Ich wusste, dass es Momente in meinem Leben gab, an denen ich gelächelt, gelacht hatte. Momente, in denen ich mich fühlte, als würde ich schweben, so viele Bilder stürmten in meinen Kopf, sie alle zeigten mir, was ich einmal war. Ich umfasste meinen Kopf mit beiden Händen und biss meine Zähne ganz fest zusammen, ich wollte nichts mehr, als sie loswerden.

Sie führten mir das vor Augen, von dem ich wusste, dass ich es nie wieder haben würde, sie zeigten mir das Glück, das ich für immer verloren hatte und ich ertrug es nicht das zu sehen, ich ertrug es nicht mich an dieses Mädchen zu erinnern, an dieses fröhliche Gesicht, das meinem so sehr ähnelte und sich doch so fremd anfühlte, als stamme es aus einem anderen Leben.

Dieses Mädchen hatte einen hübschen, Jungen mit einem breiten Lachen und funkelnden, grünen Augen an ihrer Seite, einen Jungen wie er lebendiger nicht hätte sein können. 

Das Mädchen, das jetzt mitten in einer kalten Herbstnacht auf der Straße in die Knie ging, den Kopf voller Bilder hatte ein Skelett an ihrer Seite. Eine furchtbar grinsende Fratze, an der nur noch Hautstücke des Lachens hingen, das es einmal gehabt hatte. Ein Skelett bei dem anstelle von funkelnden, grünen Augen nur schwarze Löcher sie anblickten. Ein Skelett, das so viel weniger lebendig war, als sie es sich jemals hätte vorstellen können.

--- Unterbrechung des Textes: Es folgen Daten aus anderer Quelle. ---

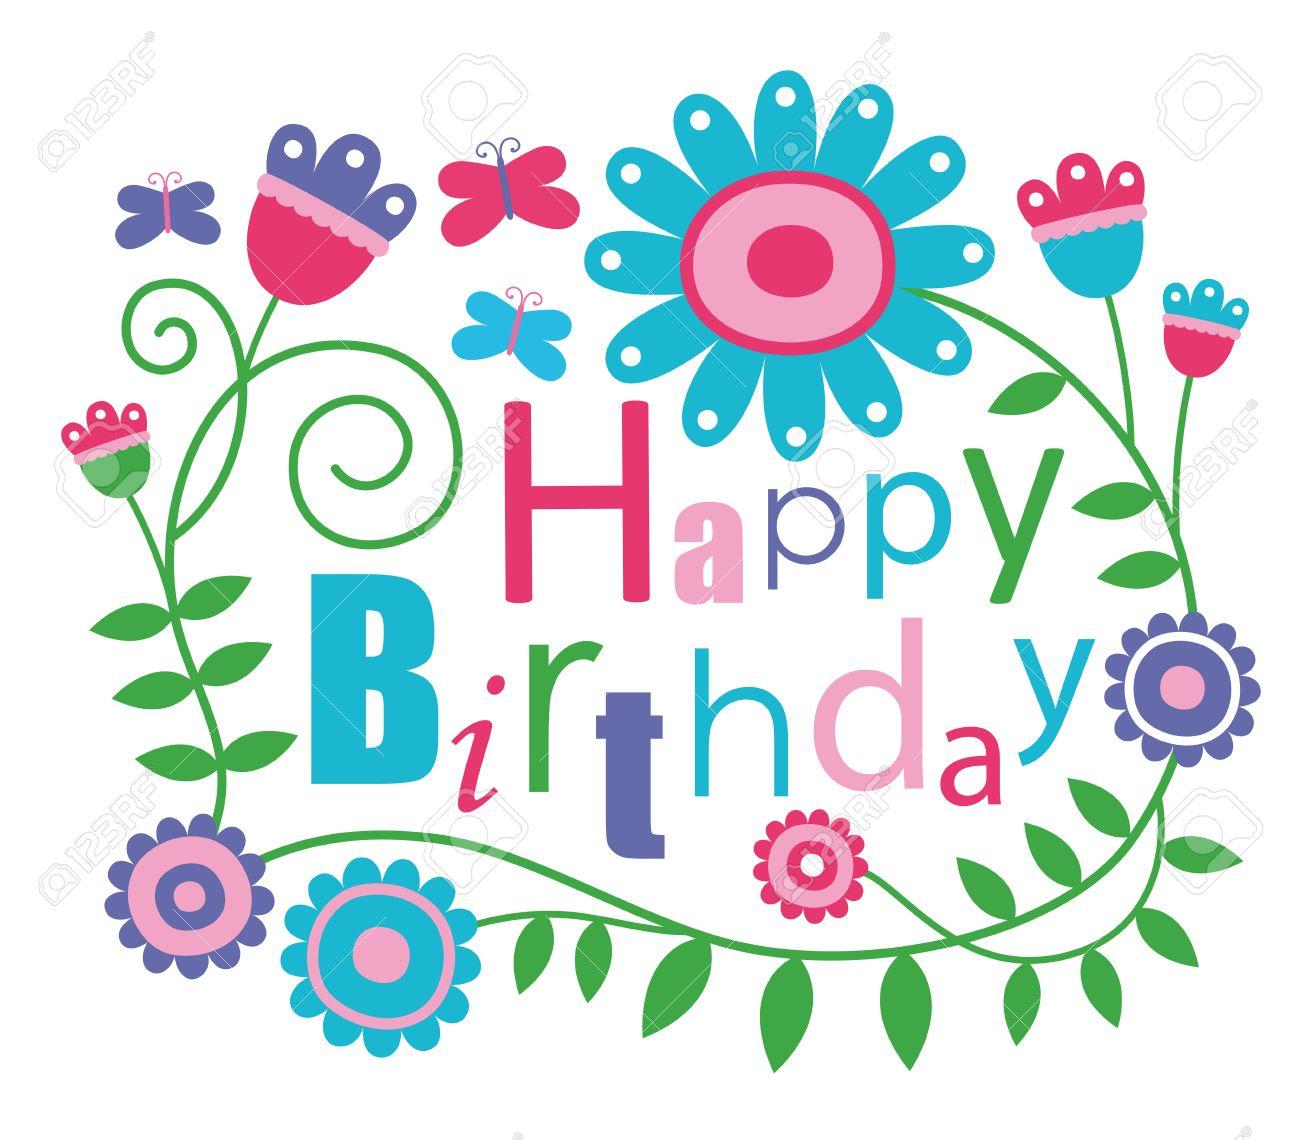 Cute Happy Birthday Card Royalty Free Cliparts Vectors And – Cute Happy Birthday Cards

Mein Kopf schien explodieren zu wollen mit all den Erinnerungen und Bildern, die plötzlich auf mich einstürmten. Ich sah zwar das Lächeln auf meinem Gesicht, doch ich konnte mich nicht mehr erinnern, wie ich mich damals gefühlt hatte. Glück, oder gar Freude lagen so weit außerhalb meiner Reichweite, dass ich nicht einmal einen Hauch von dem Gefühl verspürte, das ich damals empfand.

Das ließ mich aufschluchzen. Wie eine Diashow zogen die Bilder meines Lebens vor meinen Augen vorbei und jedes einzelne beinhaltete ihn. Da war nur er, er, er. Ich schaffte es mich wieder aufzuraffen und schleppte mich von der Straße herunter.